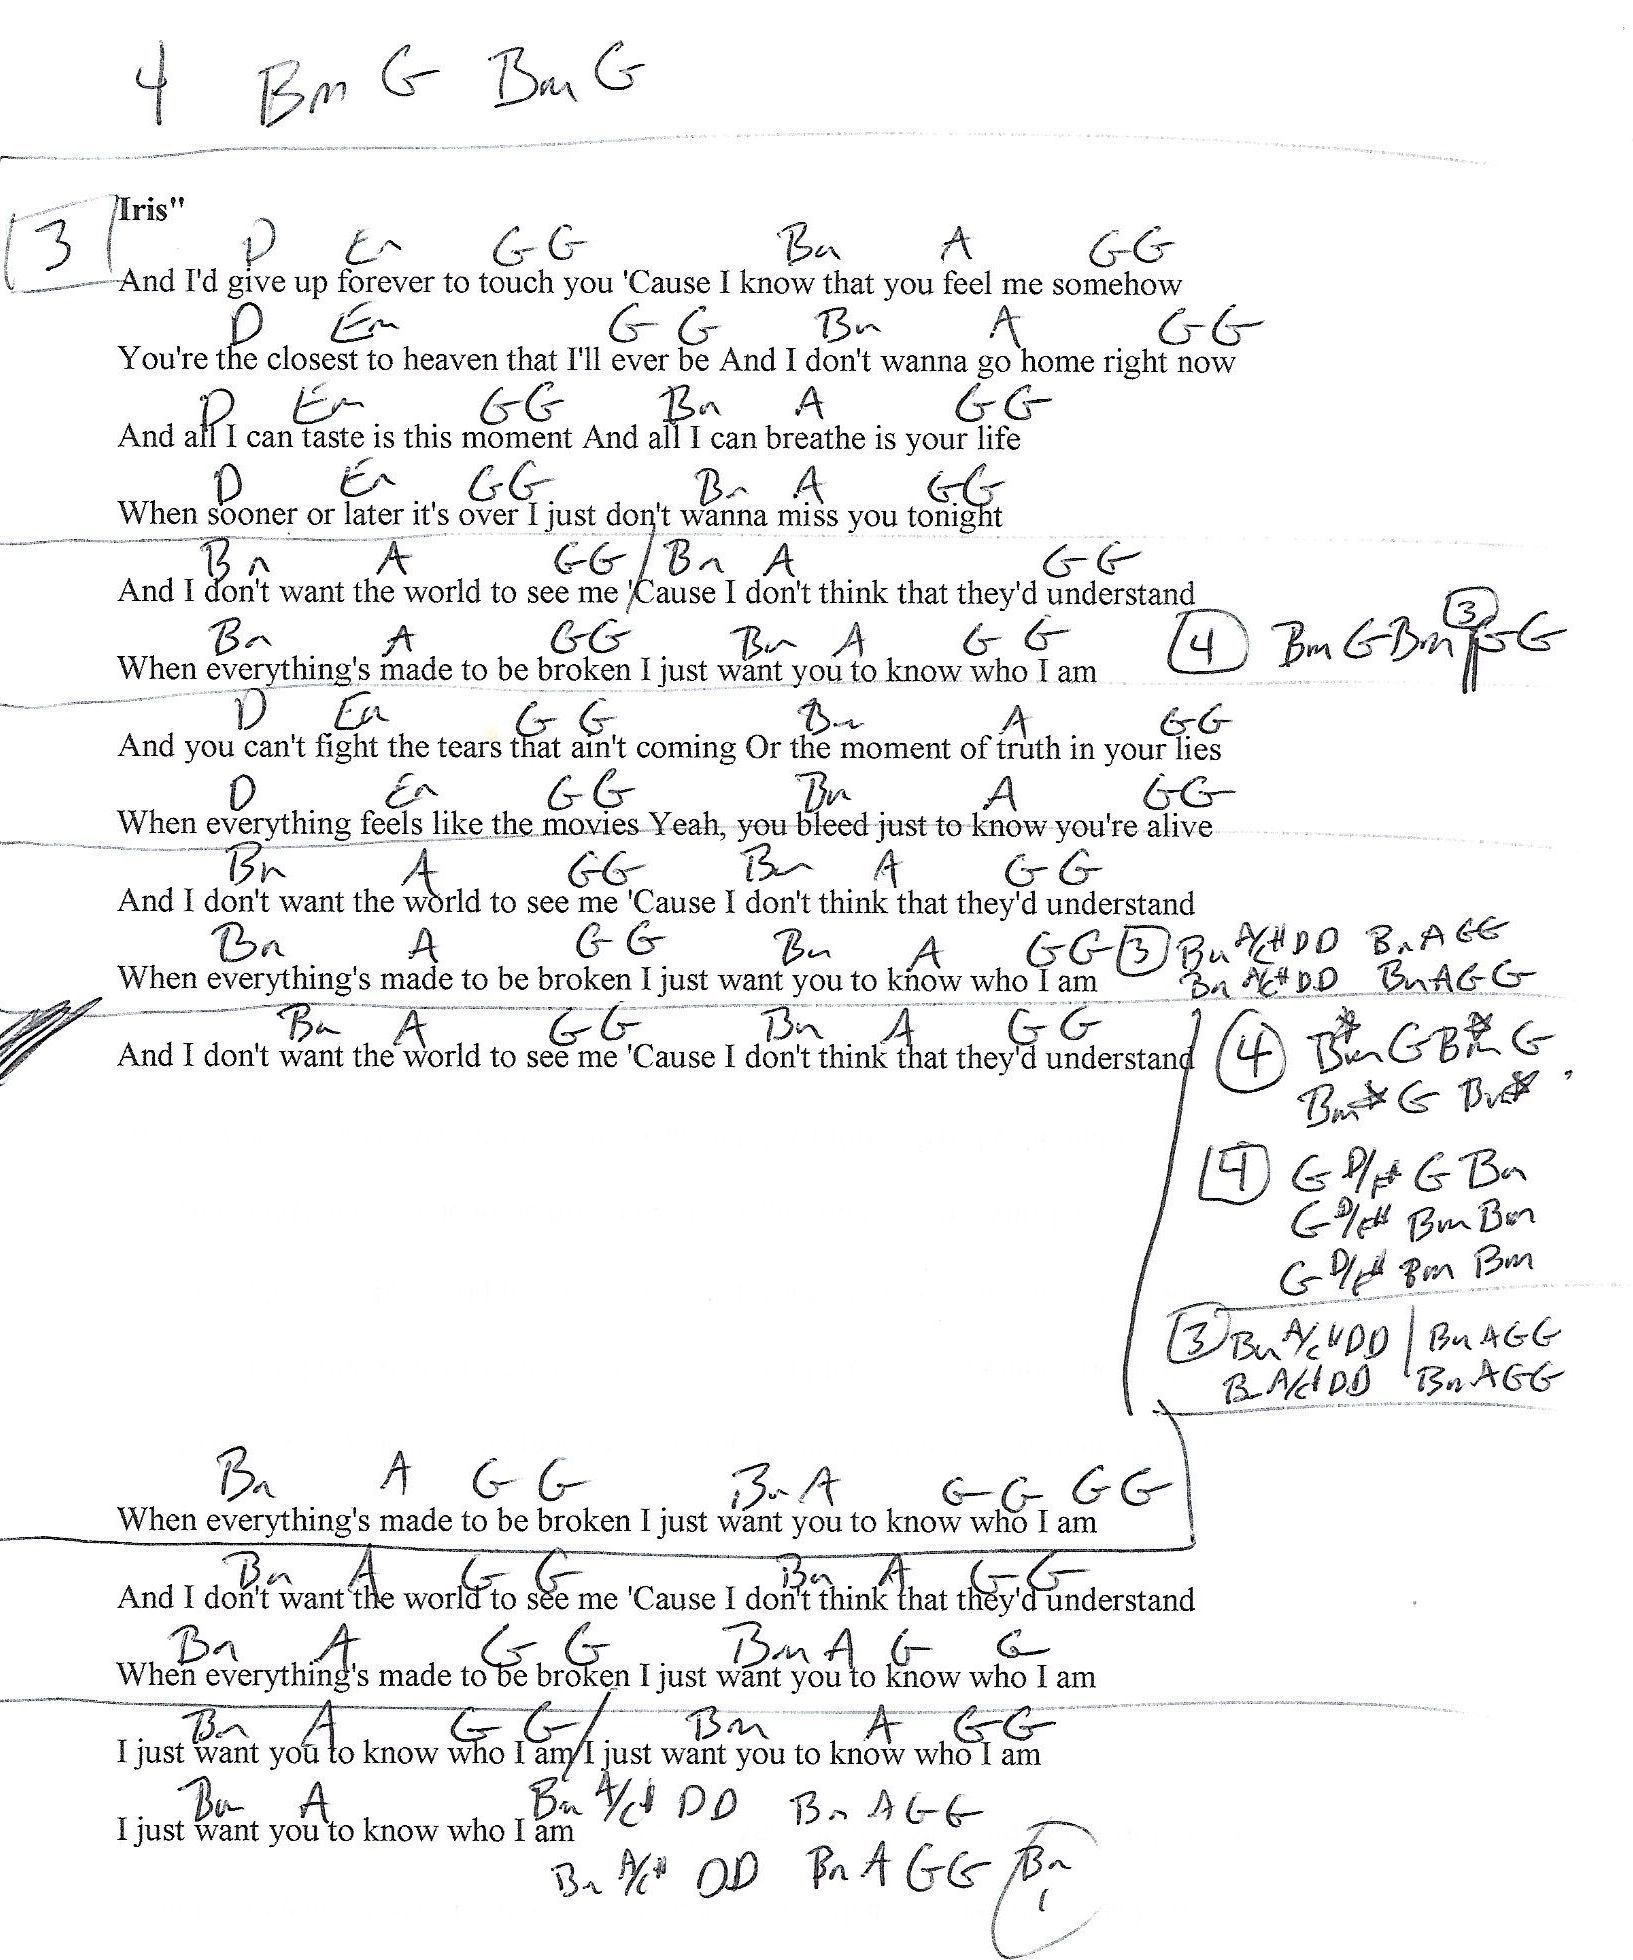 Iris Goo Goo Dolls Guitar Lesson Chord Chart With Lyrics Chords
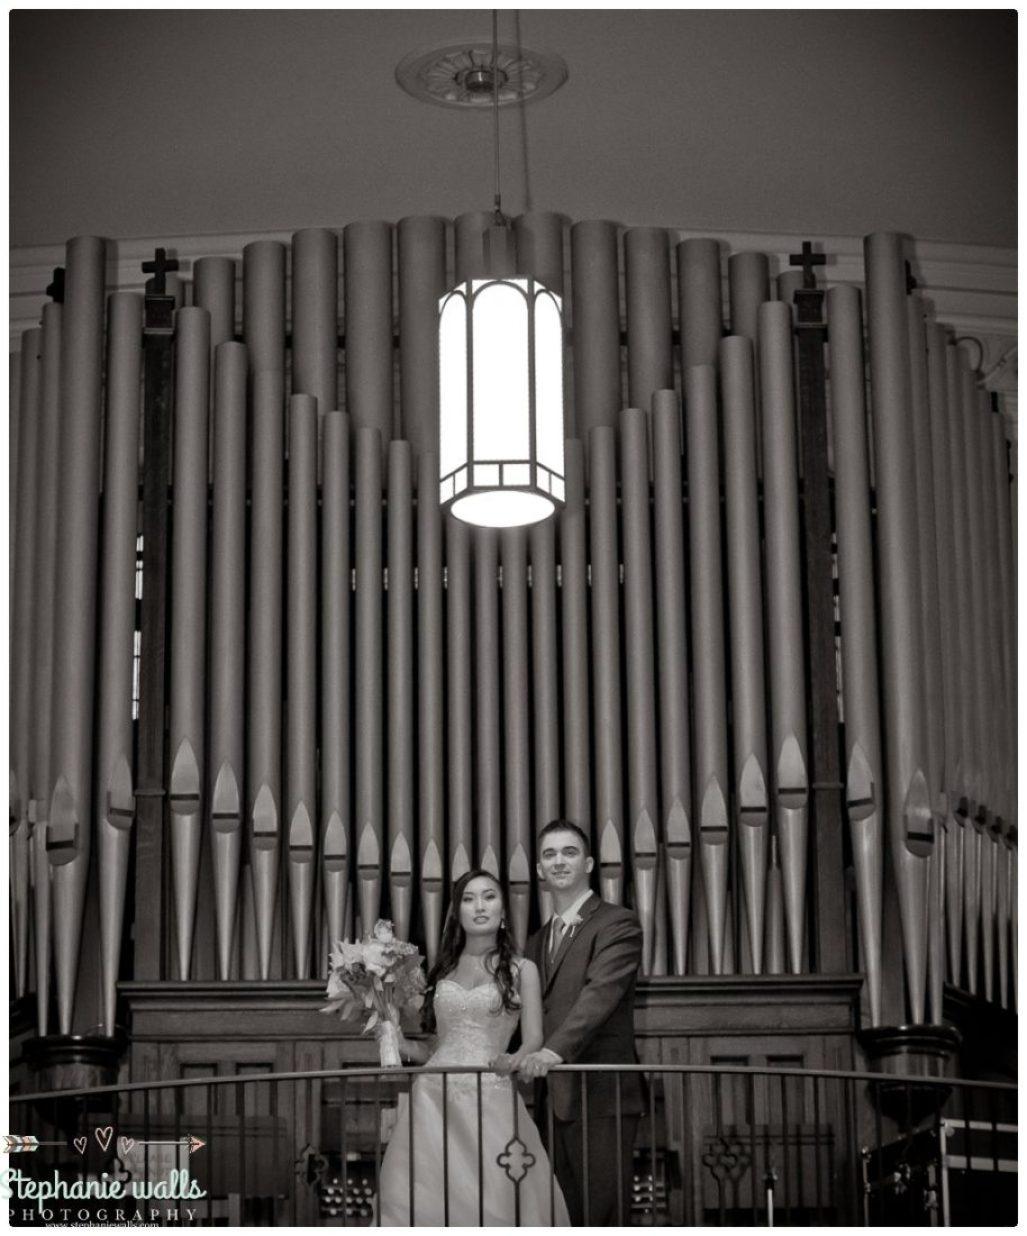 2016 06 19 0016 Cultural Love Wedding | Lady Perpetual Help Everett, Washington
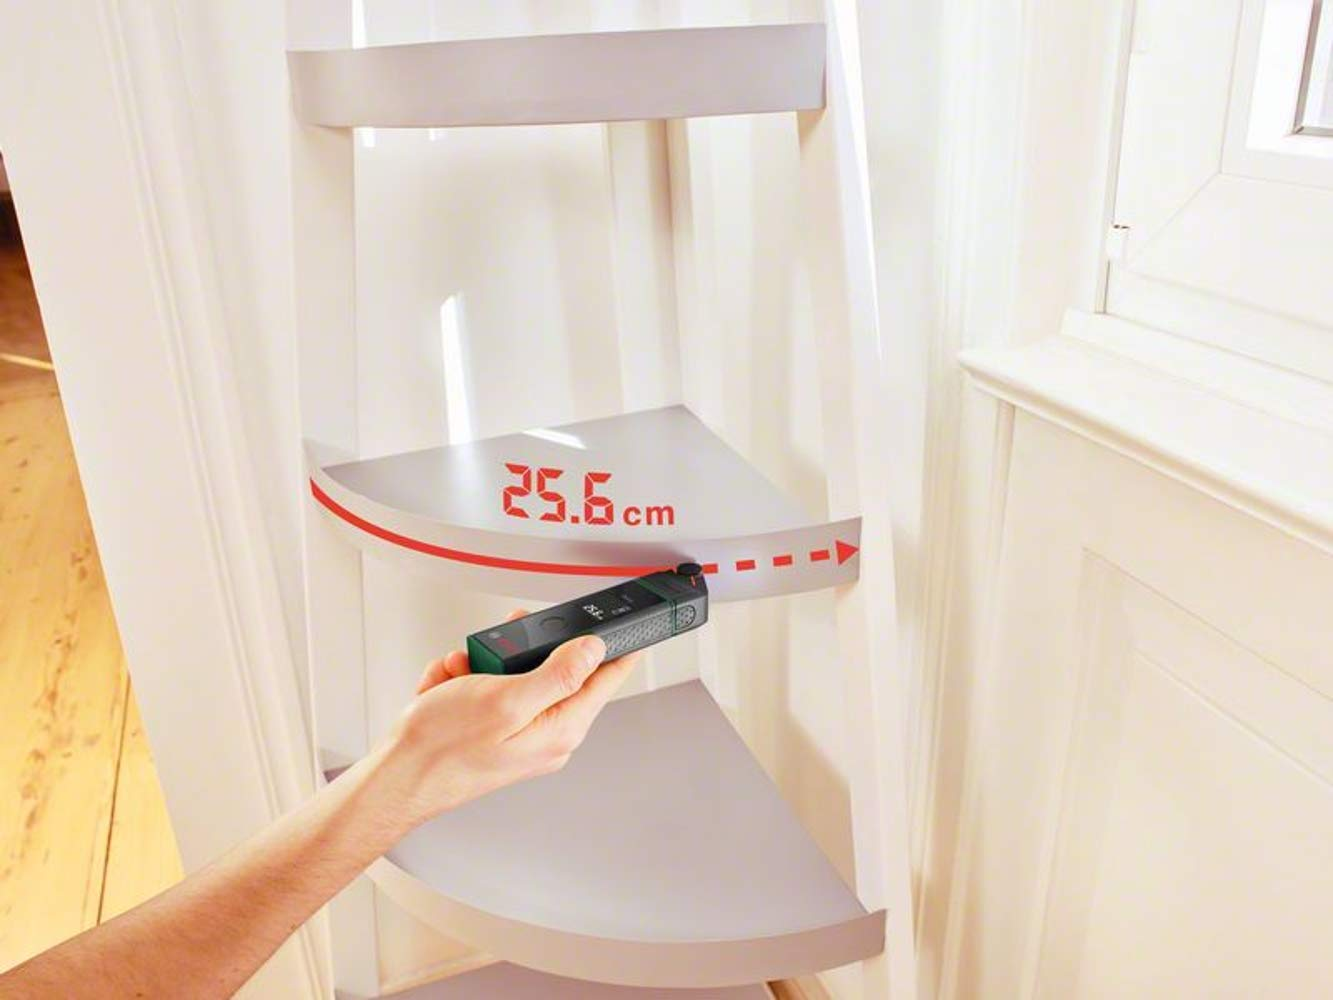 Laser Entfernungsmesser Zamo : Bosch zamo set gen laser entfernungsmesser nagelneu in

• _Task goal_:
The output consists of exactly the lines from the one containing "2016 06 19 0016" through the last line of the listing, both included, with no pictures.

• _Response area_:
 2016 06 19 0016 Cultural Love Wedding | Lady Perpetual Help Everett, Washington
 Laser Entfernungsmesser Zamo : Bosch zamo set gen laser entfernungsmesser nagelneu in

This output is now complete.